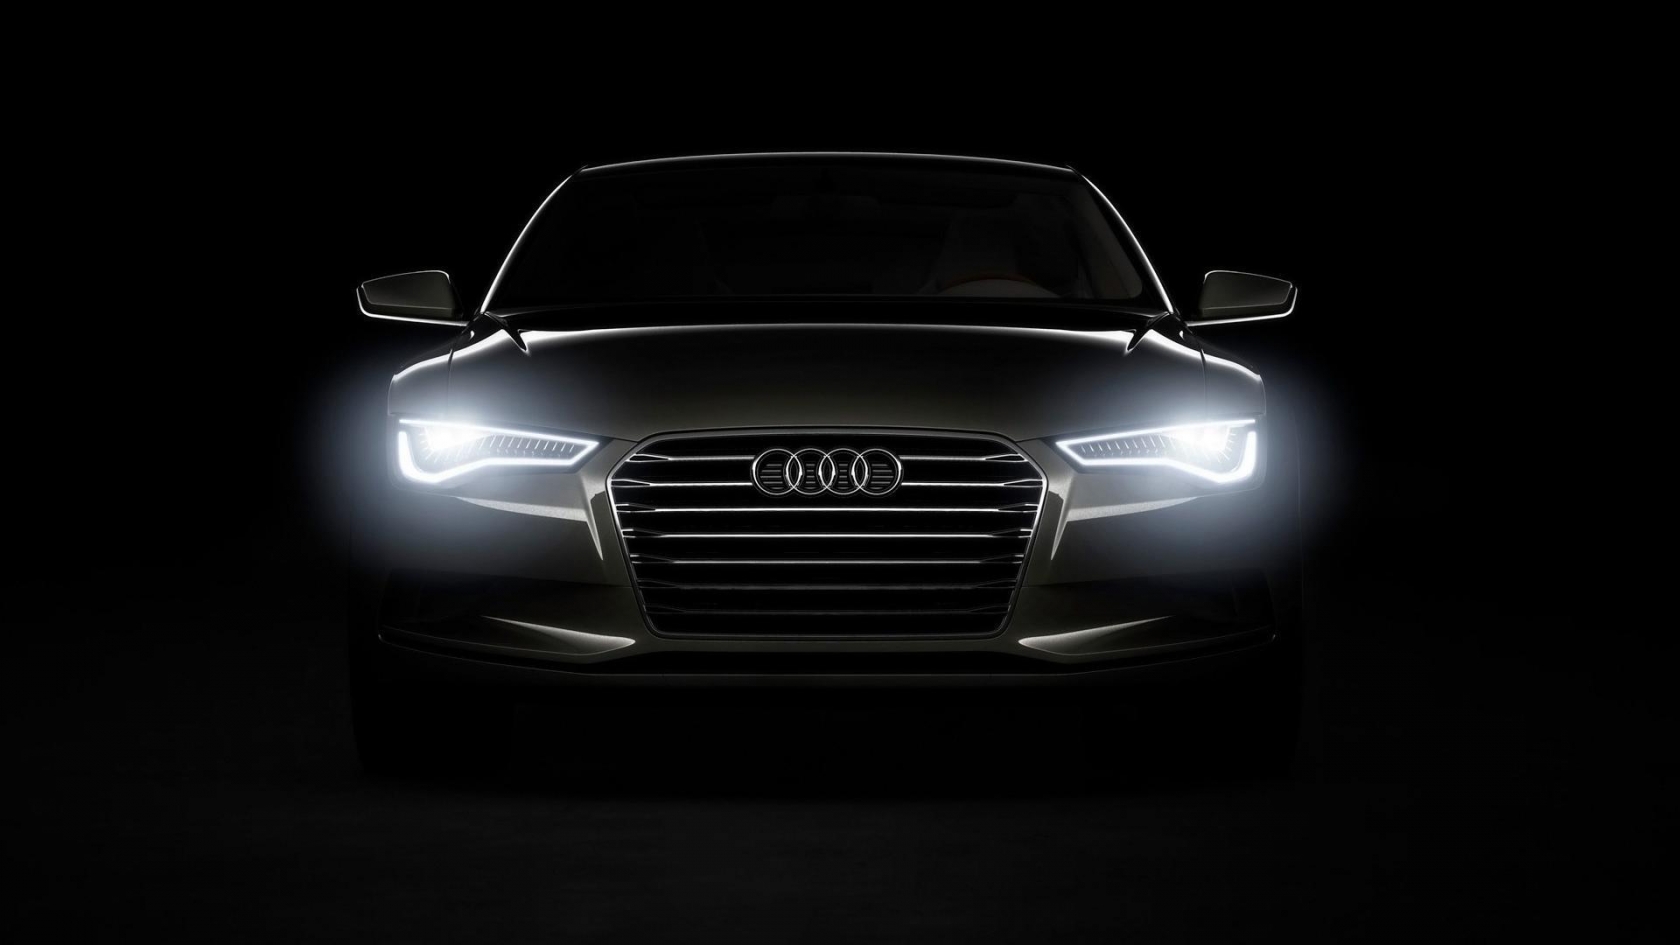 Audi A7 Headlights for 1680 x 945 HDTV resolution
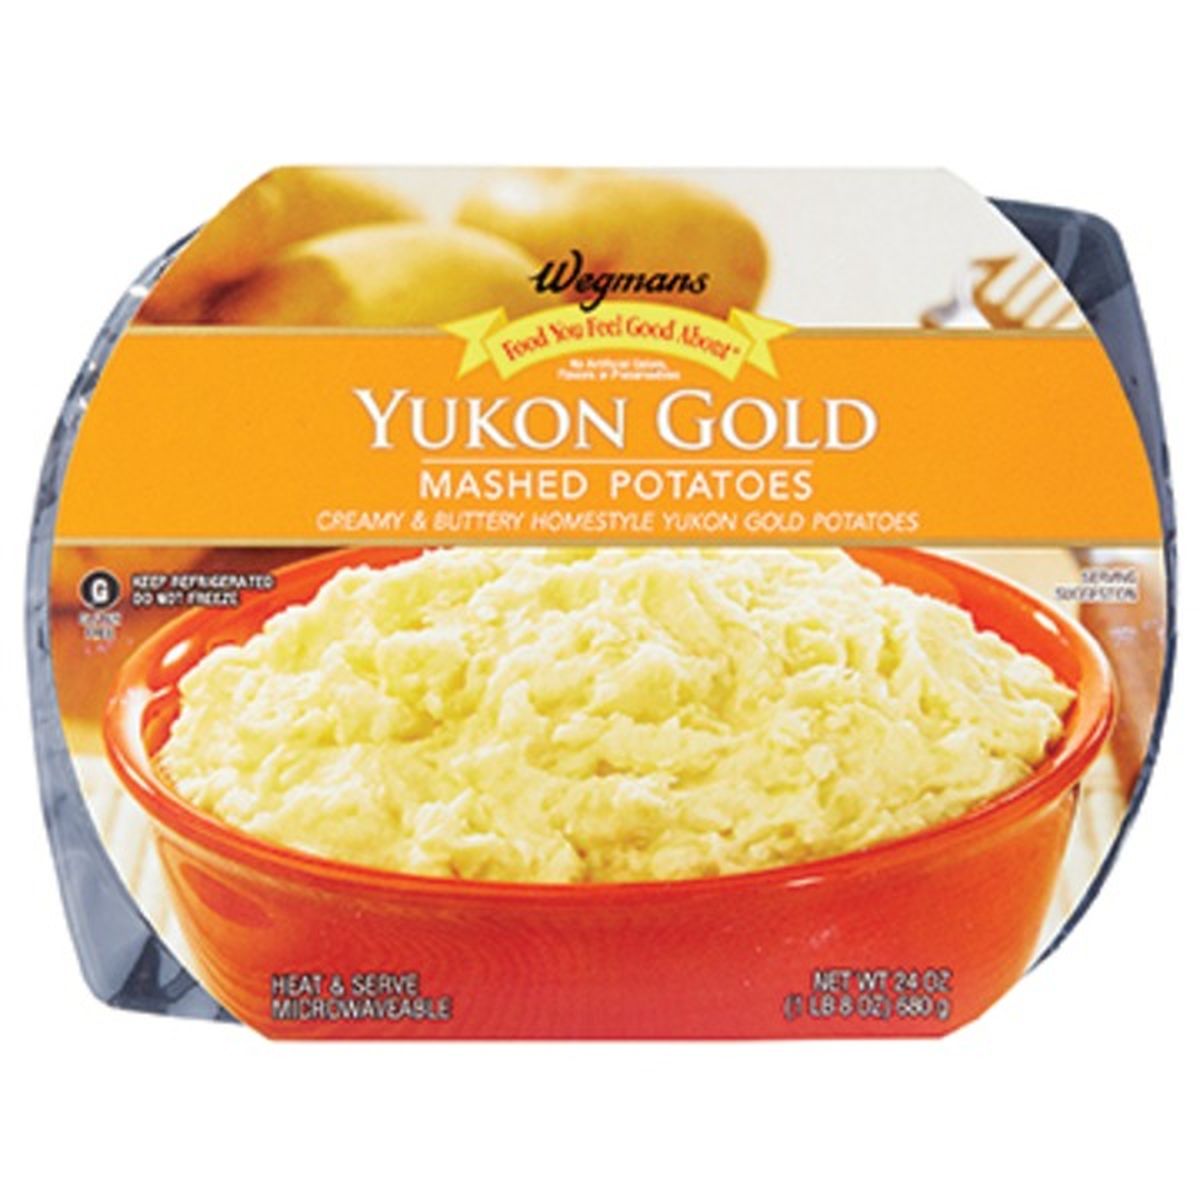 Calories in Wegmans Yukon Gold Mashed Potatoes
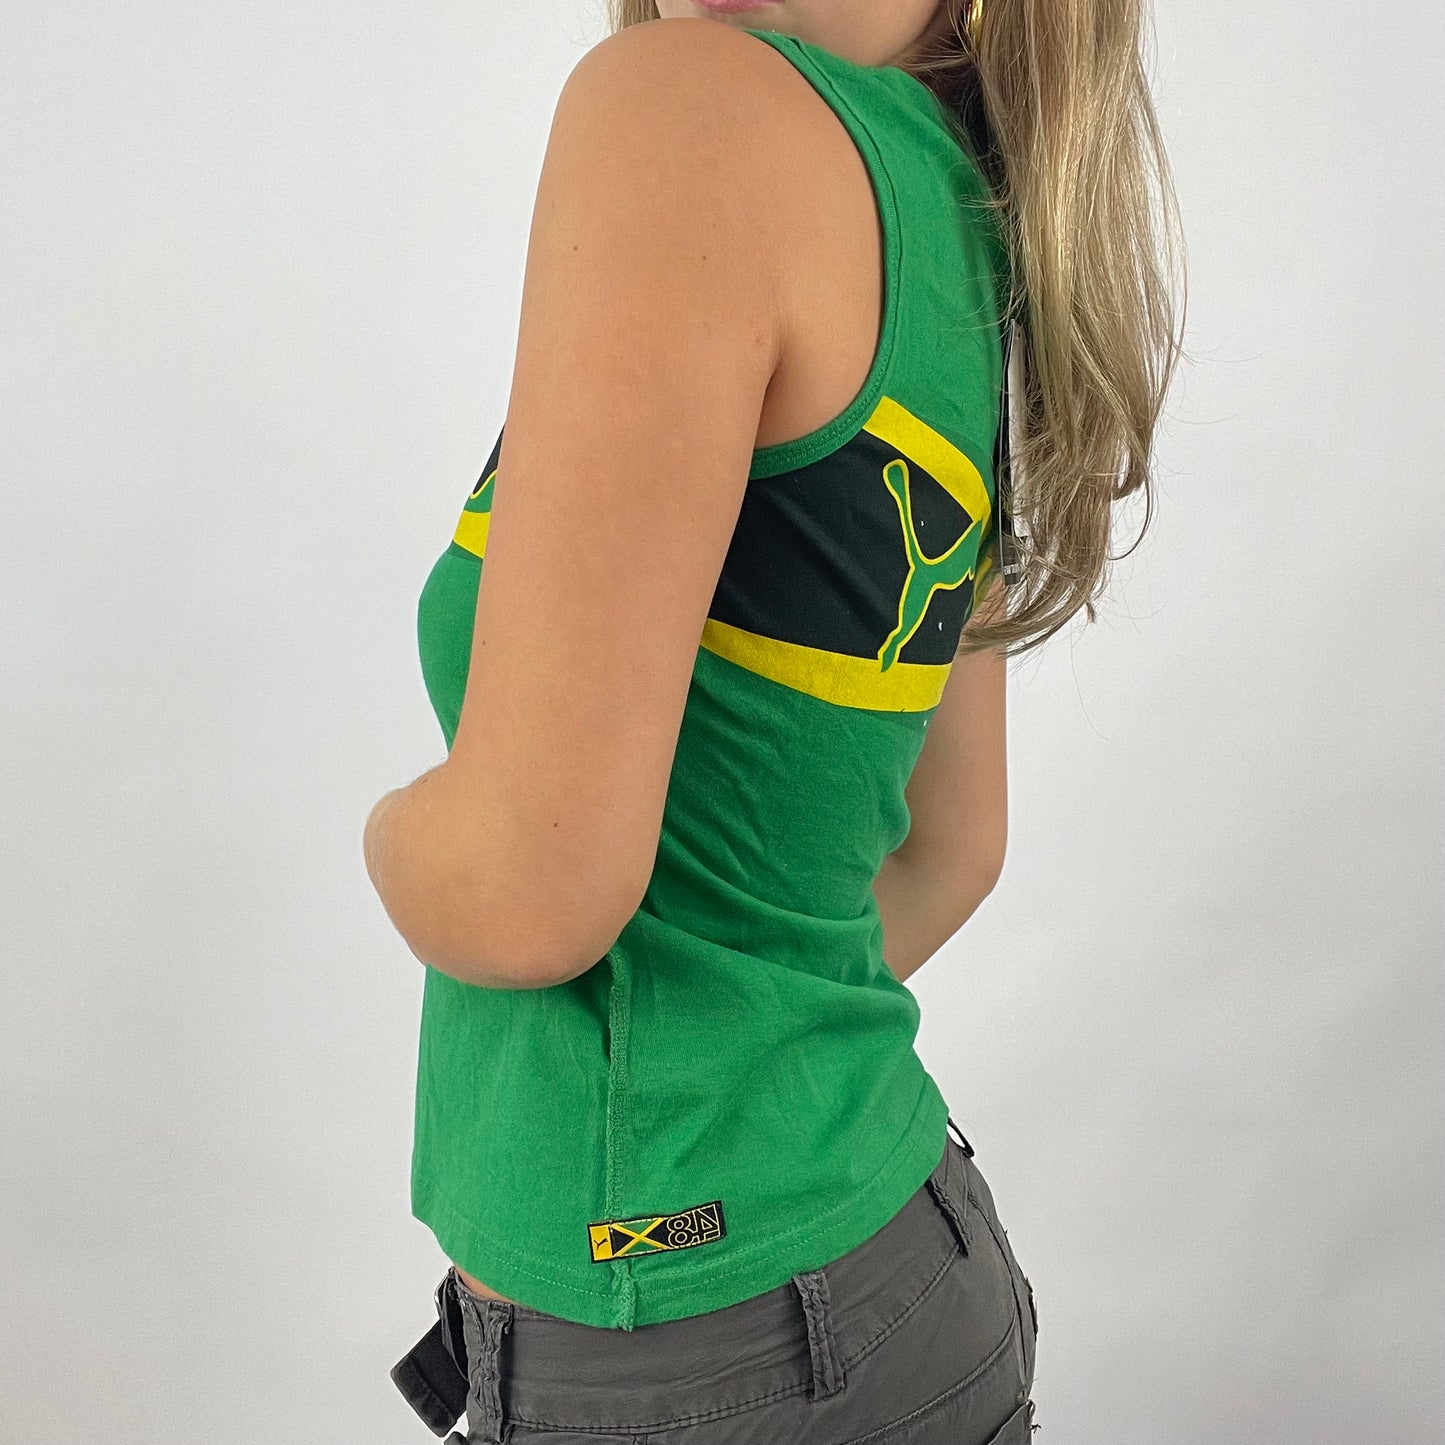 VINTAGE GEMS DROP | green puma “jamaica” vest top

▸ EXERCISE PROMPT: Please retype the listing above word for word, skipping each picture.

▸ EXERCISE OUTPUT:
 Audi A7 Headlights for 1680 x 945 HDTV resolution
 Calories in Wegmans Yukon Gold Mashed Potatoes
 VINTAGE GEMS DROP | green puma “jamaica” vest top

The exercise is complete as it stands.